Entendi que o Amauri já estava sabendo, ele havia falado com o Filemar pelo telefone e tomado a decisão de ir junto naquela viajem poucos minutos antes de sairmos.
A babá ficou na casa com a Juliana e a Carolina e eu, o Filemar e o Amauri fomos até o lugar onde o corpo estava sendo velado.
Dor, muita dor era o que sentia e sinto relembrando e escrevendo sobre estes fatos, choro hoje como chorei na ocasião.
Ao chegar ao lado do caixão de madeira, olhei para o rosto dela e pude observar que estava vermelho do lado direito, exatamente onde o sol estava refletindo quando a vira na estrada.
Ela estava morta, não poderia estar vermelho.
Cheguei mais perto, para ver se haviam feito maquiagem e deixaram vermelho só de um lado do rosto.
Não, não havia maquiagem, e instantes depois o vermelho sumiu, era como se o sol houvesse queimado a pele dela.

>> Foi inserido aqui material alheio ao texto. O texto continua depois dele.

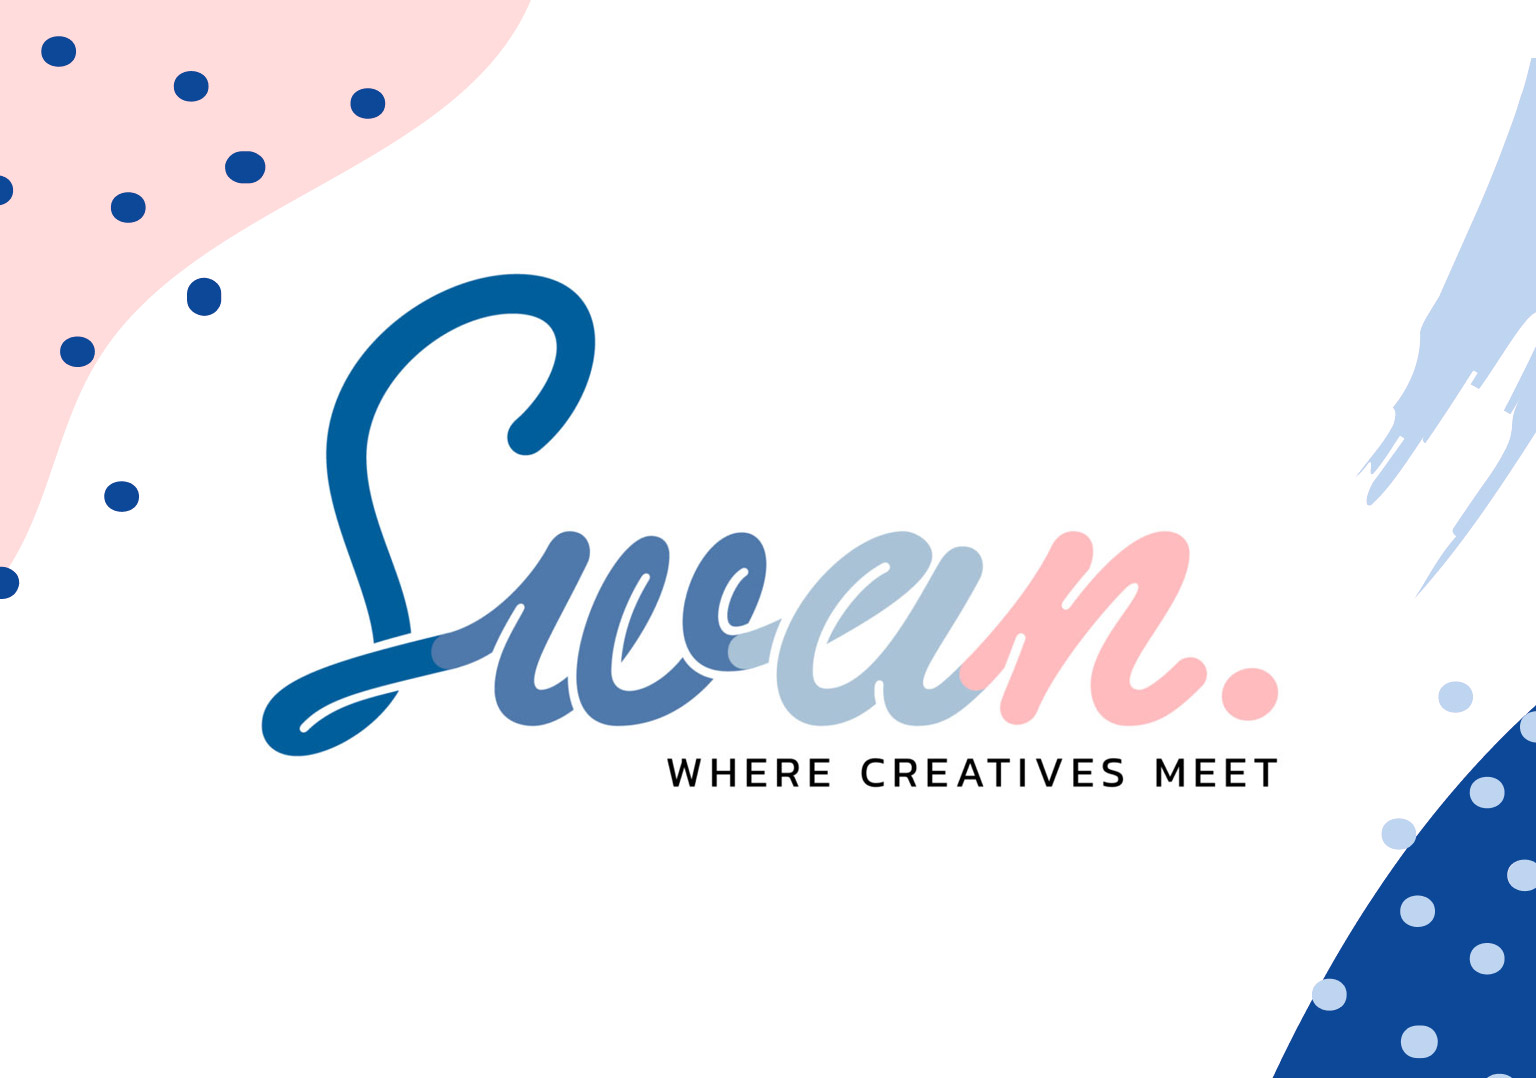 Swan where creatives meet

Entendi o sono durante a viajem, ela estava tentando se comunicar comigo, estava a minha espera, tentei que me desse um sinal, mas sem obter resultado.
Olhei para o vestido branco com a mandala na altura do plexo, vestido que eu havia dado a ela de presente e o arrumei, num gesto automático de alguém que não tem noção do que está fazendo.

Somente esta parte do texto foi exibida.